Monday, July 31, 2006

Korobkin, Laura H. “’Can Your Volatile Daughter Ever Acquire Wisdom?’” Early American Literature 41.1 (2006): 79-107.

Korobkin argues that while championing Eliza as a modern woman who chooses not to follow the constraints that her society places upon her, critics have pushed aside the real reasons for her actions – her need for luxury and her materialism. If one historicizes the novel, one sees that Eliza’s wants are connected to British consumerism and class distinctions that early America was striving to tear down.

She furthers her argument by studying the difference between the modern and 18th Century meaning of the word volatile, showing that they lead the reader (depending on the when of the reading) to have different ideas of Eliza’s character.

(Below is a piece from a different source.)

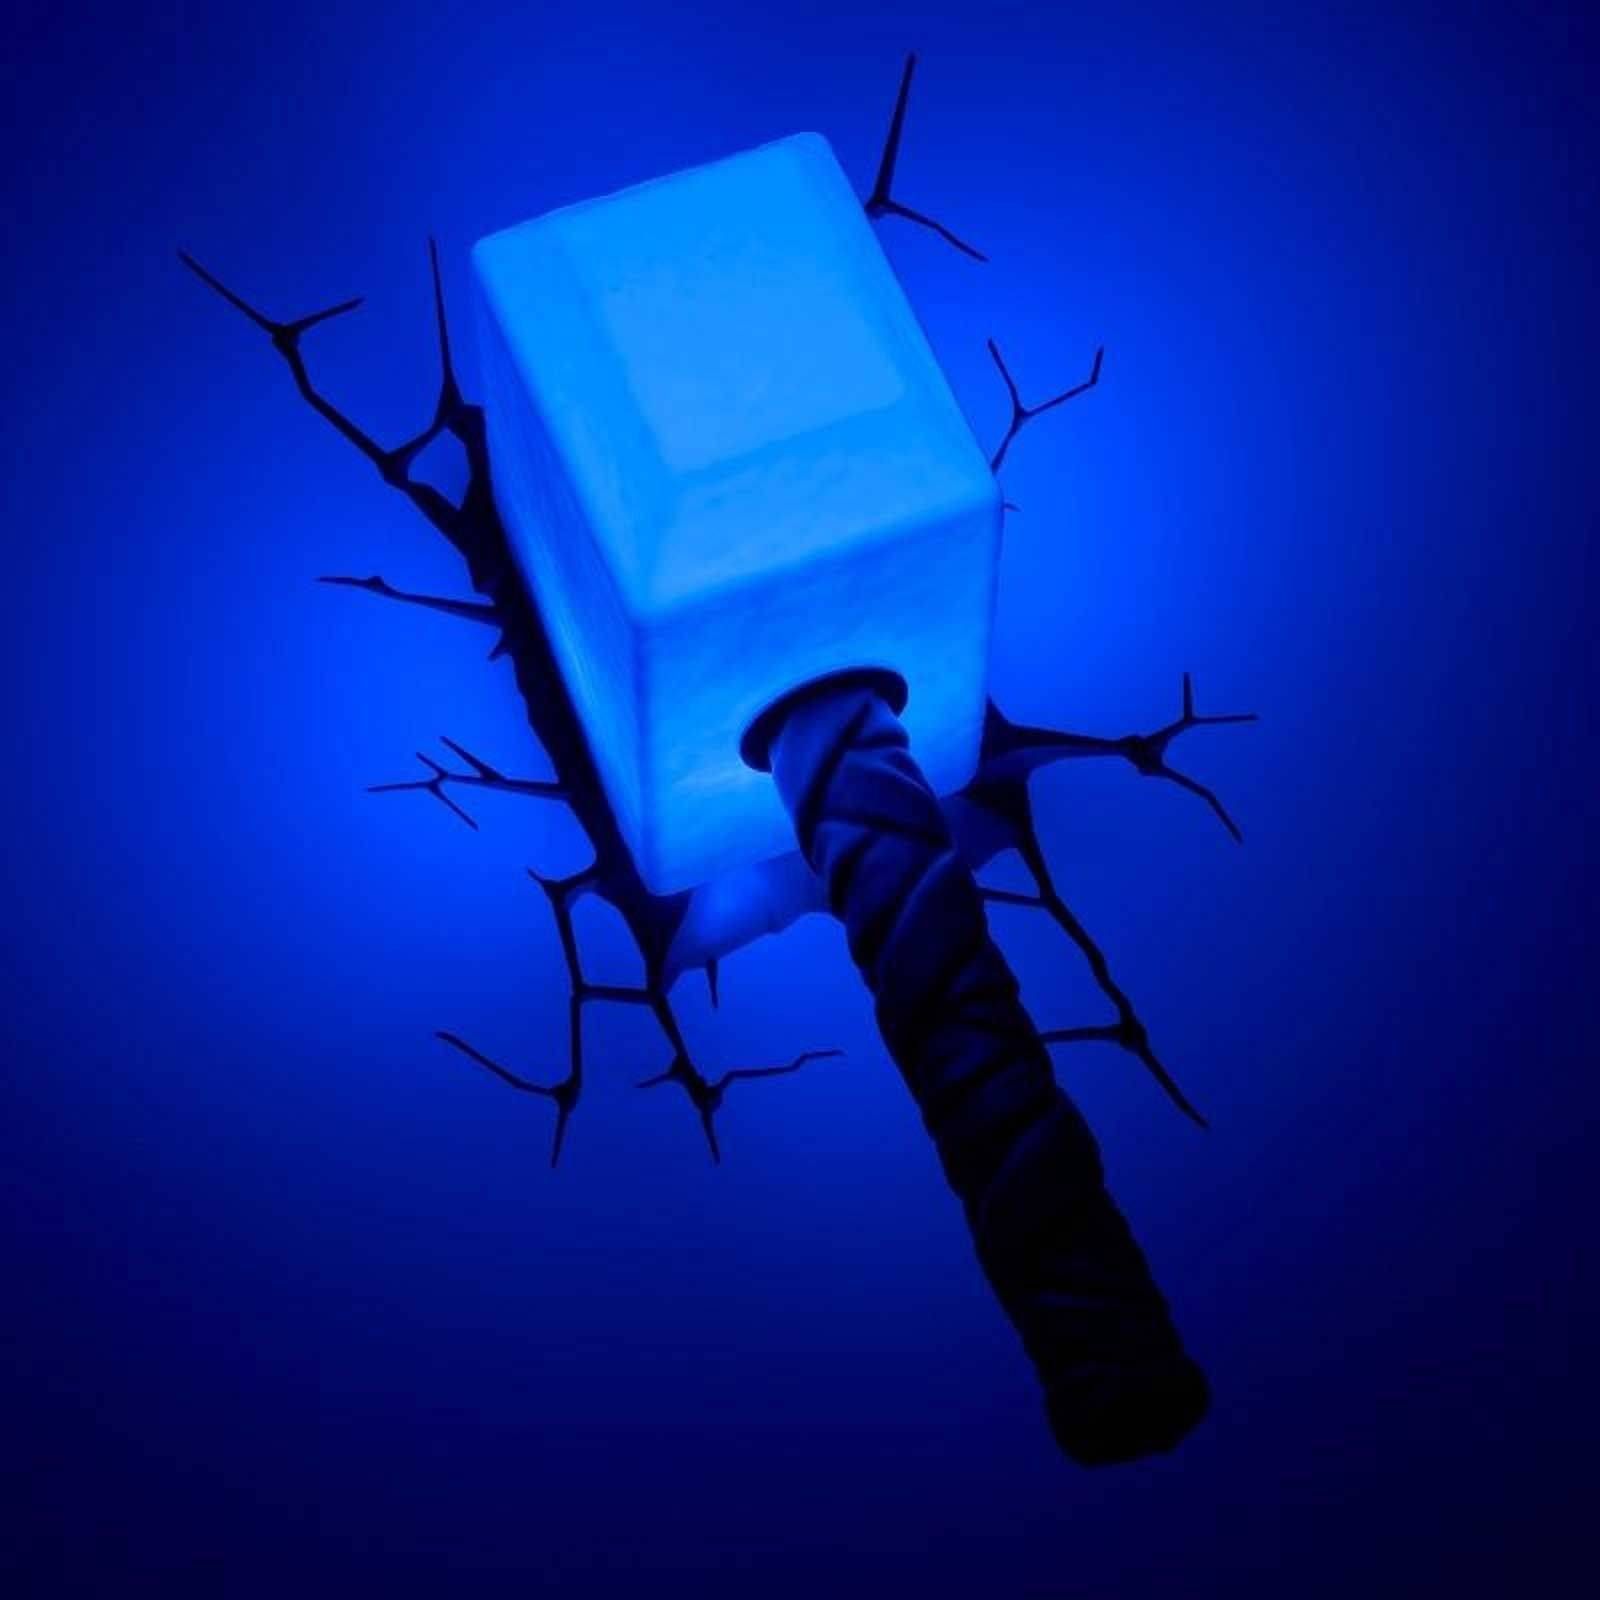 The Avengers 3d Wall Art Nightlight – Thor Hammer | This Stuff Online Intended For Most Recently Released Thor Hammer 3d Wall Art (View 2 of 20)
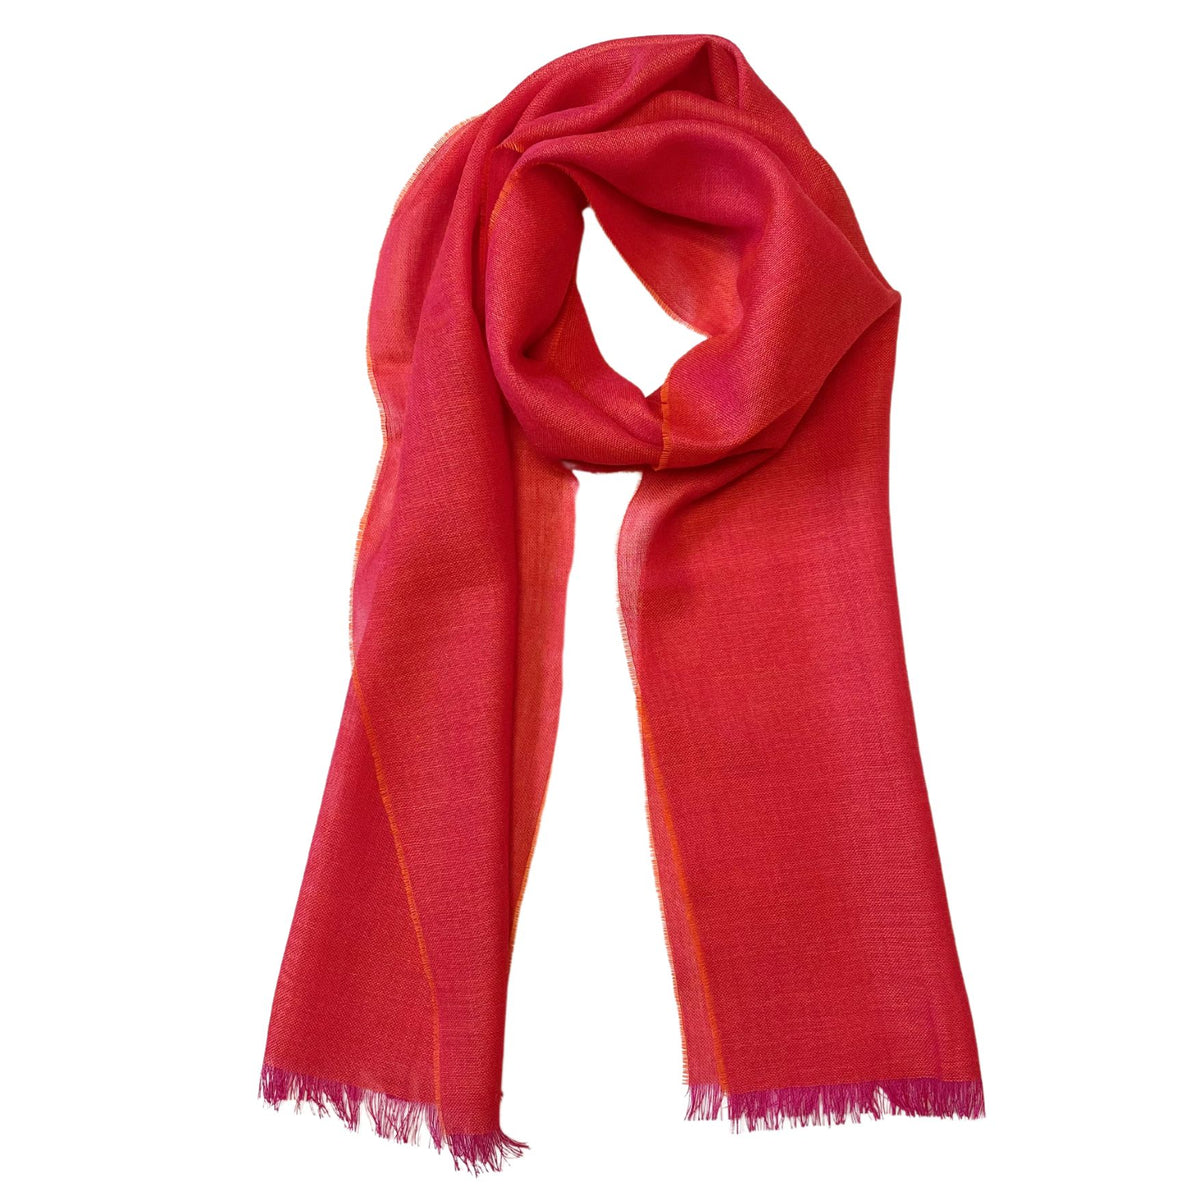 Crimson Fire red alpaca scarf for women.  Very colorful.

The argument is quite sound and the history convinces me, as history often does, that the modern reading of Eliza that many critics have conveyed is meant to fit their agendas more than to truly show the ideas being conveyed by the novel. Seeing Eliza as a 18th Century Sex in the City character is fun; however, in a true historic feminist reading of the work, she is working against the freedoms that women for striving for in her time.

Bib of Note:

Cott, Nancy F. "Divorce and the Changing Status of Women in 18th Century Mass." William and Mary Quarterly 3.33 (1976) 587-92.

Evans, Gareth. "Rakes, Coquettes, and Republican Patriarchs Class, Gender, and Nation in Early American Sentimental Fiction." Canadian Review of American Studies 25 (1995) 41-62.